The NYCKidSeq study is a genomic implementation research program that will assess strategies for enhanced communication of genomic information in health systems and evaluate the utility of advanced genomic sequencing technology for increased diagnosis. The study will recruit 1130 children with suspected genetic disorders in historically underserved racially and ethnically diverse communities of NYC. This is a multi-institutional research program with three participating sites: the Icahn School of Medicine at Mount Sinai (MS), Albert Einstein College of Medicine/Montefiore Medical Center (EM), and the New York Genome Center (NYGC). NYCKidSeq has three major aims: (1) to develop and evaluate the effectiveness of a novel digital application, GUÍA, to improve communication of genomic test results to patients in a randomized controlled trial (RCT); (2) to compare the diagnostic yield of WGS versus TGPs in a racially and ethnically diverse cohort; and (3) to evaluate the utility in a pilot study of the novel digital application, GenomeDiver, to enhance the interpretation of sequencing data by laboratory personnel, to direct reverse phenotyping by clinicians, and to enhance the communication between clinical and laboratory personnel in the diagnostic process. The study will also examine the utility of genetic ancestry in clinical diagnostic pipelines, evaluate costs associated with genetic testing, and assess provider attitudes toward genomic medicine. This study is one of six clinical sites funded as part of the Clinical Sequencing Evidence-Generating Research (CSER2) consortium, jointly funded by NHGRI and the National Institute of Minority Health and Health Disparities (NIMHD) .
Study design overview
Figure 1 shows the NYCKidSeq project study schema illustrating the flow of enrollment from participant referral to administration of the last parental survey. NYCKidSeq is an RCT evaluating the use of GUÍA to facilitate the return of genomic results compared to standard of care (SOC) genetic counseling. Outcomes to be assessed are parental understanding, satisfaction, feelings about the results, and participants’ subsequent behavior. Surveys will collect data at three study visits: baseline (0 months), result disclosure (ROR1, approximately + 3 months), and follow-up (ROR2, approximately + 9 months). WGS and TGPs will be performed for diagnostic purposes in 1130 children and young adults with specific, suspected genetic disorders in an effort to assess clinical utility and compare diagnostic yield of both testing methods. Prior to the launch of the RCT, a lead-in pilot phase of 30 participants was conducted to solicit input from families regarding the survey instruments and GUÍA. In designing this study, stakeholders were engaged at key stages of development to facilitate successful implementation of this genomic medicine program and contribute to its cultural appropriateness and sensitivity. As a member-site of the CSER consortium, the funding source has a role in the design of this study with regard to its recruitment goals and outcome measures.

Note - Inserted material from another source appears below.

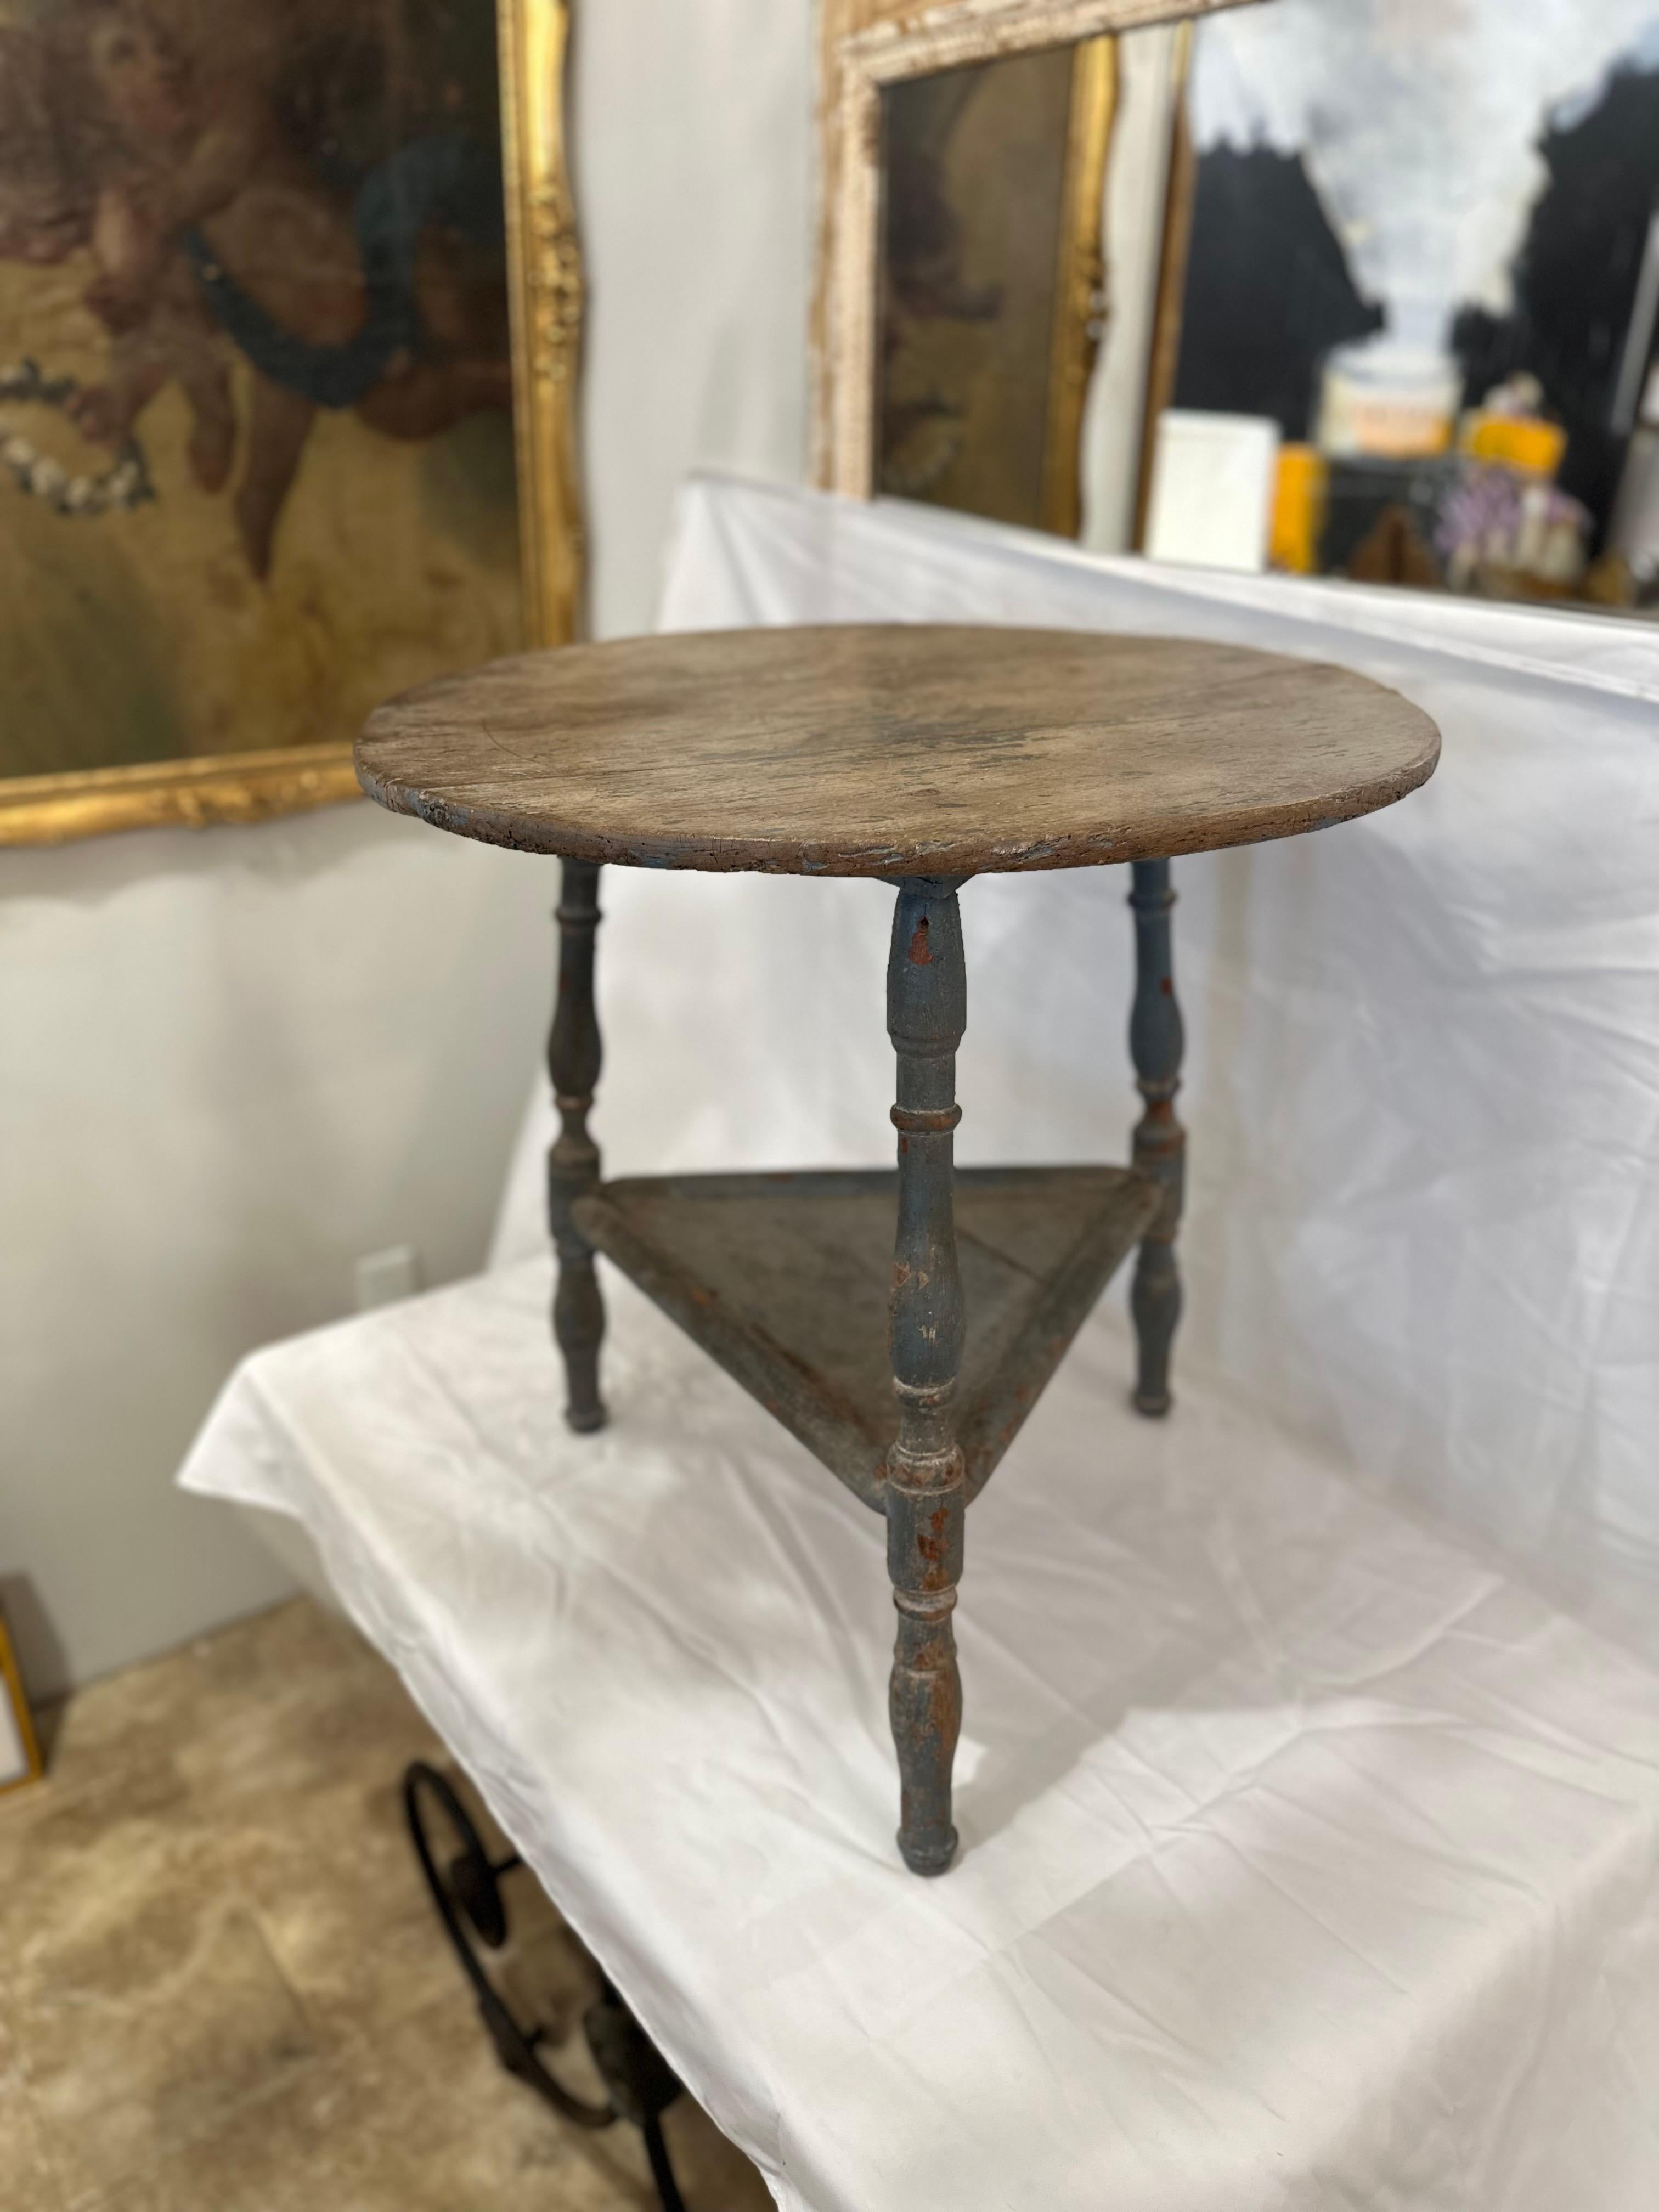 Der englische Original Paint Cricket Table aus dem 19. Jahrhundert ist ein charmantes Relikt vergangener Tage, das von Geschichte und Charakter geprägt ist. Dieser mit Sorgfalt und Liebe zum Detail gefertigte Tisch hat eine runde Platte, die von

Recruitment, enrollment, and sample size
Potential participants are receiving medical care under a physician at a participating institution (MS or EM). Participants and their families are introduced to the study by their physician during a routine clinic visit, phone call, or during an in-patient admission. Potential participants who express interest in the study and verbally consent to being contacted by study staff are referred to the study team. Study staff confirms the participant’s eligibility and obtains informed consent to complete the baseline parental survey during an in-person encounter. Surveys are conducted in either English or Spanish, depending on participant preference. Informed consent for WGS and TGP testing is obtained by a genetic counselor during an in-person baseline encounter in the participant’s preferred language (English or Spanish), and assent is obtained from capable children. Enrollment is achieved after a blood draw for the proband’s sample for genetic testing has been collected. At the same time, blood is drawn from biological parents. If one or more biological parents are not available during the visit, a saliva kit is mailed to the home to collect a saliva sample. The enrollment target is 1130 participants, including the lead-in phase. Participants enrolled in the RCT receive $80 in gift cards for completing all three study visits and those enrolled in the lead-in phase receive $120 in gift cards. Referring physicians do not receive compensation for their participation.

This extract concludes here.